Clinical Implications
This automatic identification, volumetry and classification tool can facilitate and improve radiology triage and workflows as well as report quality. A well embedded tool could directly alert emergency physicians to the presence of hemopericardium and/or large PEF, with its association with cardiac tamponade [
4]. Early CT has previously been shown to facilitate rapid patient management in the emergency department [
34], and our tool may further enhance it. Additionally, this tool can make PEF volume and HU measurements objective, replacing current semi-quantitative classifications plagued by variable cut-off thresholds and inter and intra-reader variability [
10,
35]. As long as input parameters are standardized, this automatic tool can standardize these measurements, and therefore, be used to identify a less arbitrary cutoff for distinguishing between PEF and physiological pericardial fluid, taking into account age, sex, height, and concomitant disease. This will allow more accurate detection of PEF and hemopericardium which may reduce unnecessary echocardiograms or identify patients where an echocardiogram is urgent. It may also allow better prognostication. The incorporation of this tool into clinical practice requires seamless communication between the Radiology Information System/Picture Archiving and Communication System and the model. In addition to this infrastructure, a simple output is required which should be easy and intuitive for the radiologist or clinician to access.

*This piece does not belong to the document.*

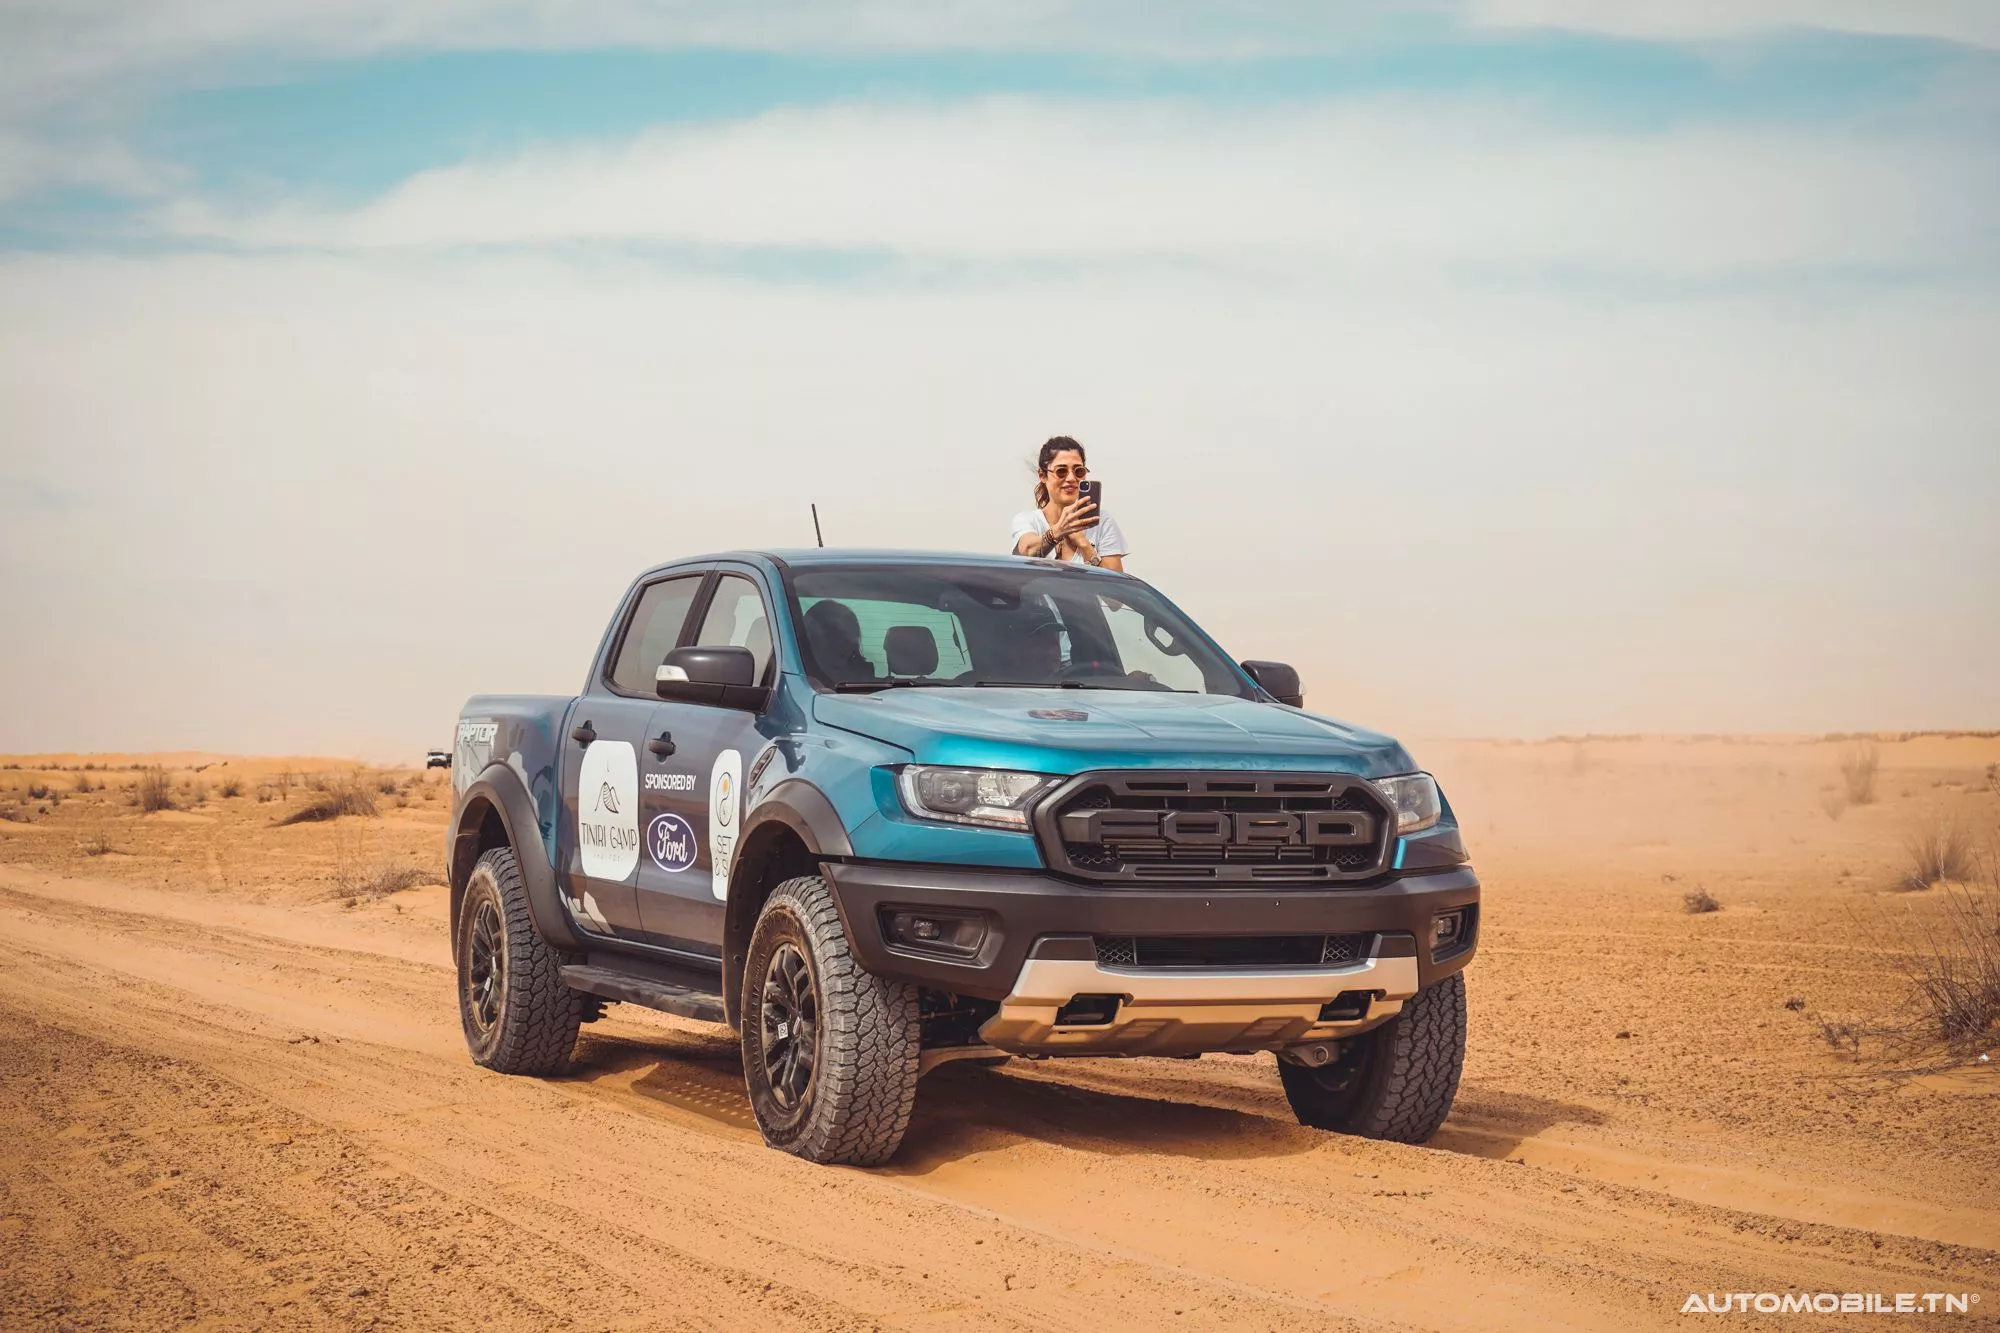 Ford Ranger Raptor - La star du Set & Sun Sahara Festival au

There are several limitations to our study. First, the model was trained on the latest generation CTs from a single scanner manufacturer at a single institution. While the use of older CT scanners could theoretically reduce the diagnostic accuracy, we at least showed a good performance on CTs from a different institution on a completely different patient group: post-mortem hemopericardium cases. This suggests that the model’s performance is highly robust in different protocols, institutions and patient groups. Second, the ground truth was identified using the radiology report, which was mitigated by the use of structured reports in our institution. The two-dimensional CT diagnosis of PEF was used in our inclusion criteria, which resulted in a total of 29/258 (11.24%) PEF cases >4 mm which turned out to be physiological pericardial fluid volumes (<50 mL). No alternative mechanism exists to circumvent this drawback whilst maintaining a large case number. Third, inter-reader variability was worse compared to reference-prediction variability. This may be because segmentation style and errors have a proportionately large effect on outcome in complex, narrow and often small structures, such as PEFs.